One winter when I was about 16 was bad and I had a friend from Kenya who was at Cambridge uni doing a PhD. She had found lodgings in the attic of Sawston hall (Tudor Hall dating from 16th century) which in those days was privately owned by a truely eccentric british naval officer, the last of a long line of his family - desperately trying to keep the hall in one piece. Anyway there was such concern over ht roof that Liza, Tony and i were climbing out of attic windows with brooms frantically trying to brush the snow off and not kill our sleves in the process.
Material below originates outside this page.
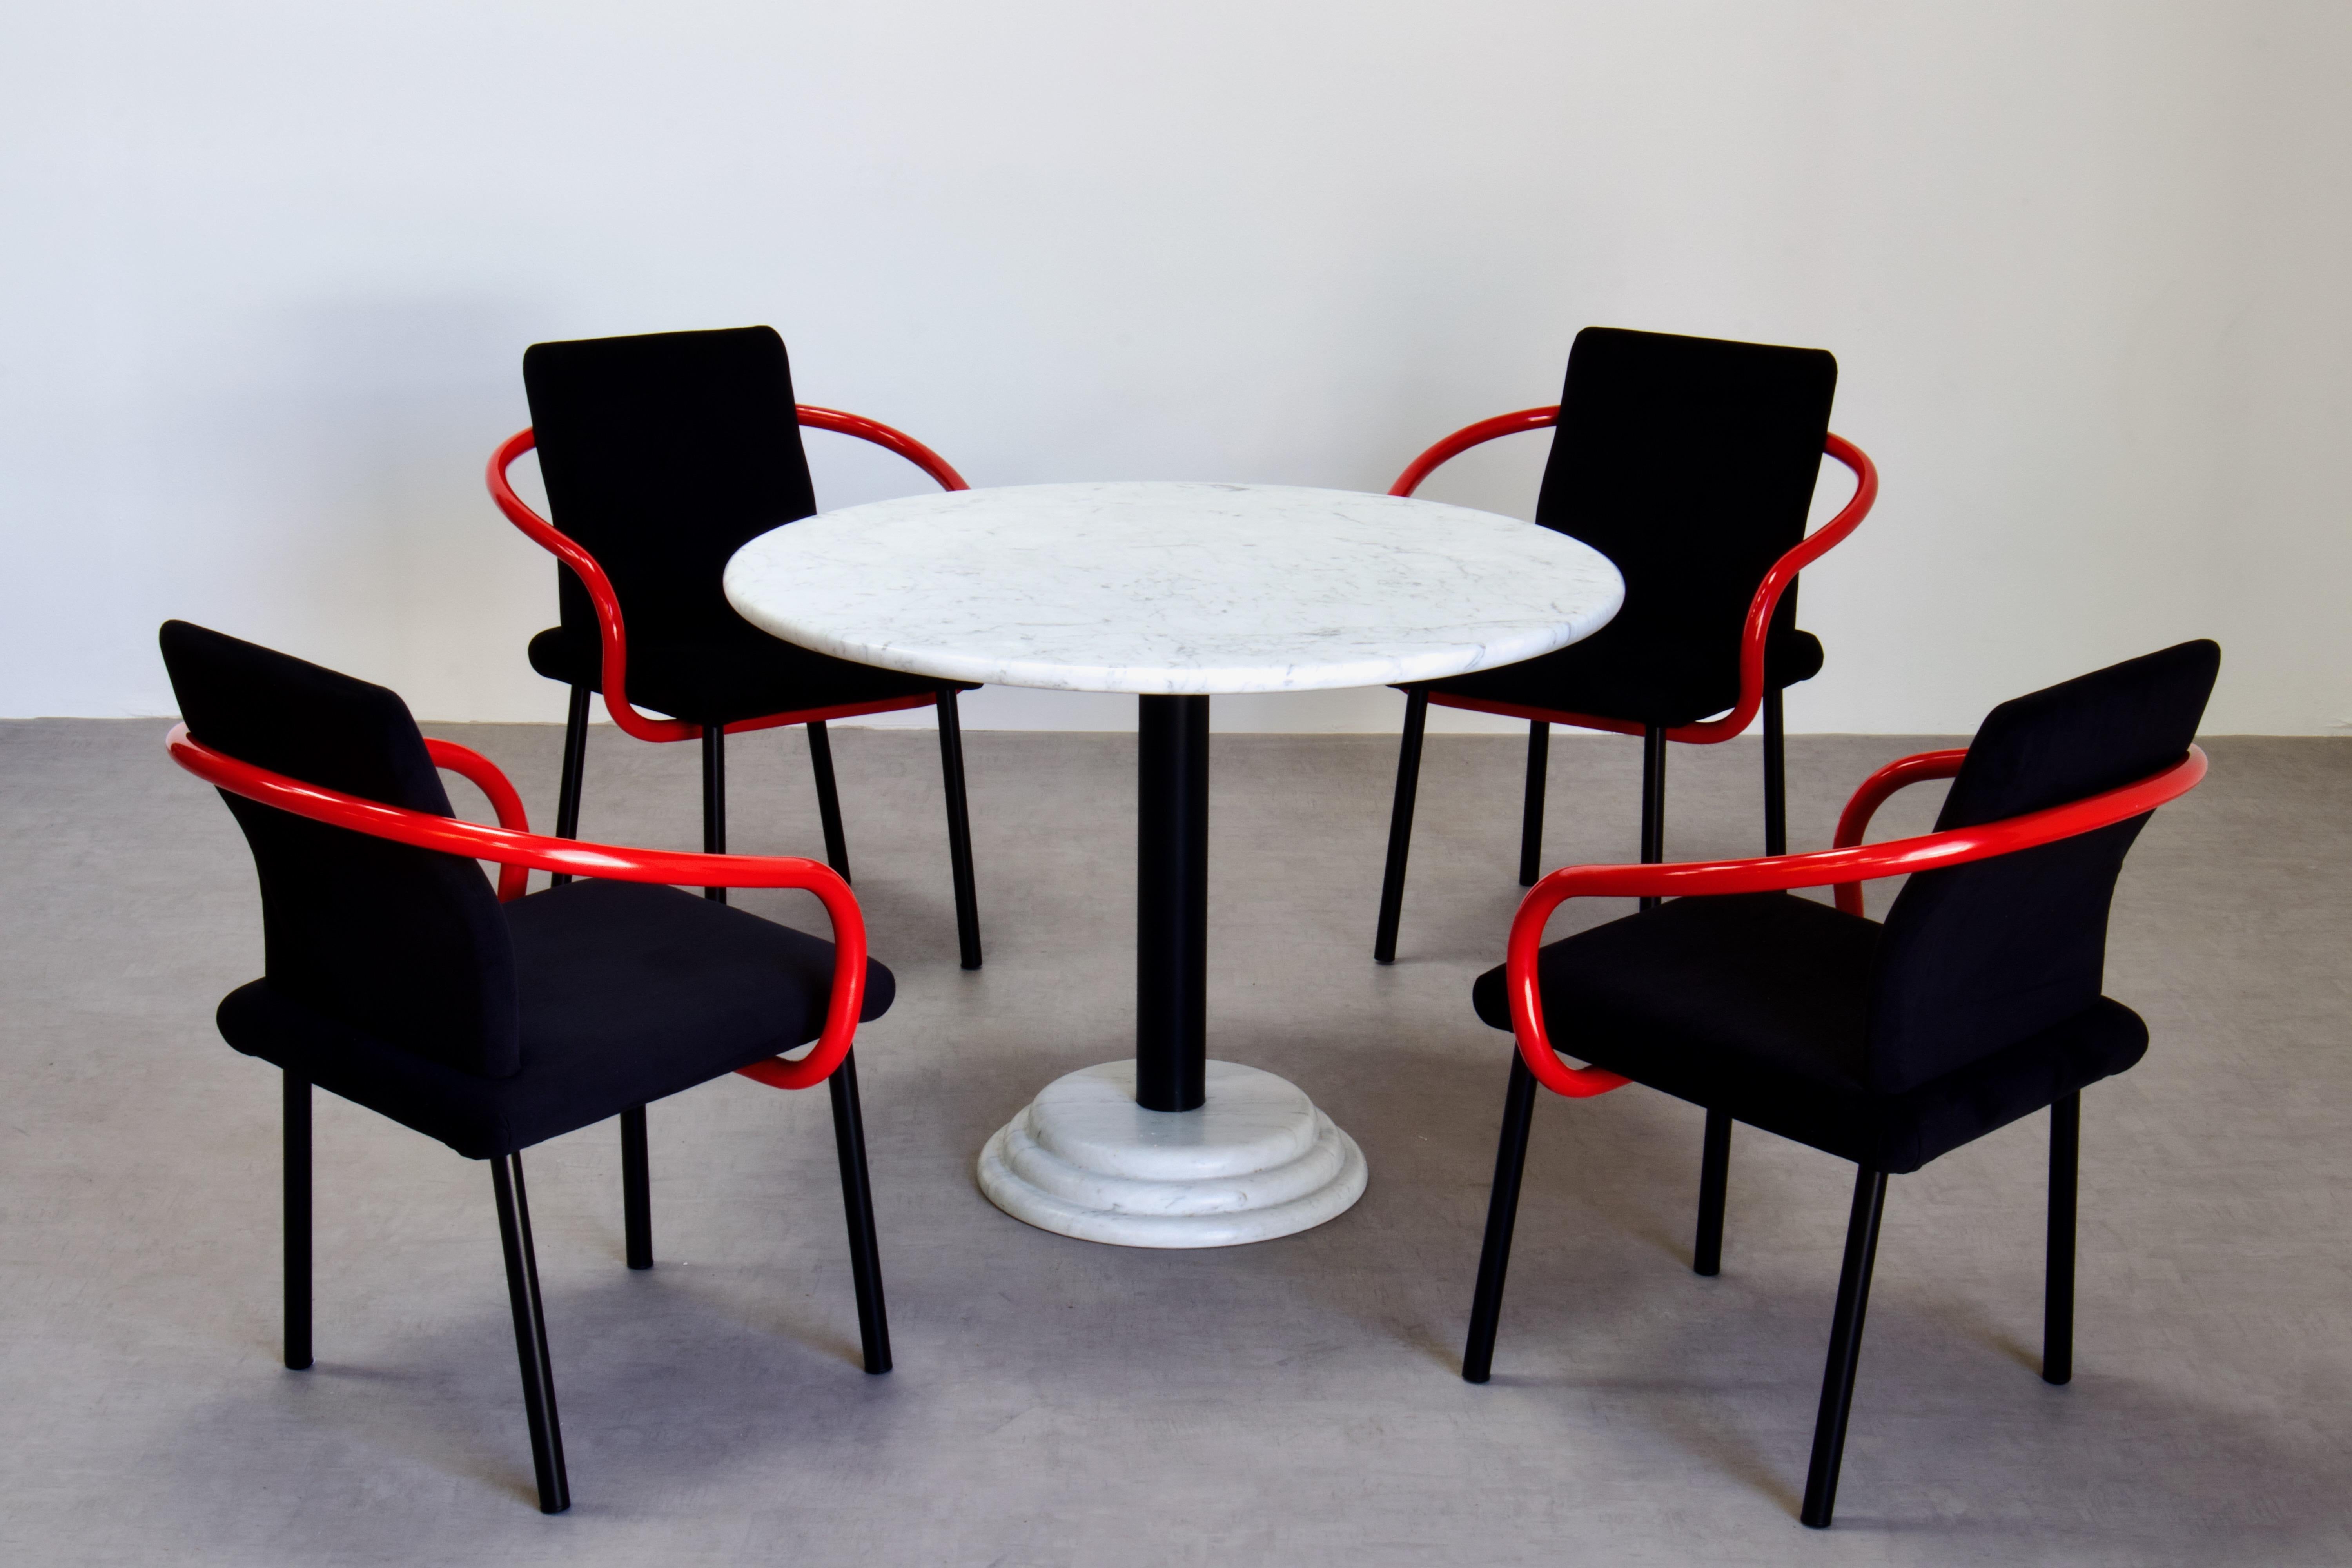 Ikone der Memphis Milano-Bewegung. Ein Satz von vier Mandarin-Stühlen von Ettore Sottsass für Knoll. Schwarze Alcantara-Polsterung. Die Arme sind rot lackiert. Außerdem ein runder Esstisch mit Sockel aus Carrara-Marmor, der Ettore Sottsass

There was probably about 12" 
It is really hard for us Brits to get our heads around what you are having to cope with.


----------



## fairlie (Sep 7, 2013)

Marzi said:


> Liza, Tony and i were climbing out of attic windows with brooms frantically trying to brush the snow off and not kill our sleves in the process. There was probably about 12"
> It is really hard for us Brits to get our heads around what you are having to cope with.


Thankfully none of you slipped off! That is the other problem, inexperienced people will go up with no safety equipment and completely destroy the roof shingles which will add to the misery of the rain. It is all very exciting to go through it at first, but it gets tiresome quickly when you run out of food, lose power and cannot get out at all.


----------



## flowerchild (Mar 21, 2012)

Yes, I just saw footage of a car repair shop within a mile of me with the roof collapsed. My house is a cape cod style, so very steep pitch to the roof. It's still covered, though! But it's brand new, so I'm not too worried.

Marzi, they are telling people to prepare now for flooding Sunday and Monday, but it's not easy to do when you can't drive! I'm far enough from water, I should be ok. But it will be very wet!

It is still coming down, very hard, I shoveled Bette's little place and around the furnace vents 1/2 hour ago, and it needs to be done again. Unreal, but hopefully almost over!

I'm attaching a weather map for today...you can see my little Hamburg in a bad spot--dark colors are the hardest hit. Buffalo is completely out of it. Canada is right there on the left, Fort Erie is in Canada, and just an hour or so to Renette's and a bit more to Camp Amanda! If it showed just north of buffalo, there is Niagara Falls!


----------



## lady amanda (Nov 26, 2010)

oh Sue....yikes.


----------



## flowerchild (Mar 21, 2012)

it's over! arty2:arty2:arty2::whoo::whoo:arty::XD:


----------



## lady amanda (Nov 26, 2010)

Wahoooooooooooooooo!!!!!!!!!!!


----------



## flowerchild (Mar 21, 2012)

Just got the snow totals. My town, Hamburg, NY got 84.5 inches or 214.63 cm!!
And roads are opening today! My mini will remain in garage until next week, but we may get my neighbor's car out tomorrow!


----------



## flowerchild (Mar 21, 2012)

Right now it looks like this


----------



## fairlie (Sep 7, 2013)

Good news!  How is your roof holding out?


----------



## flowerchild (Mar 21, 2012)

No problems, at least yet, Fairlie! An elderly friend is waiting for the police to pick her up and bring her here (she's about a mile away). Her roof is creaking. She'll stay with my neighbor, we're all friends, because I don't keep my house as hot as she likes it!

I've got a path half done between my house and said neighbors. She drives a big old Buick that we'll all use until the snow piles are lower than my mini's roof!My front door is blocked, and I'll either wait for the rain tomorrow, or dig from my deck. 

Poor Bette is very unhappy. No running around.


----------



## Tinman (Apr 23, 2013)

Wow that is some serious snow scenes!!
Glad your all safe x


----------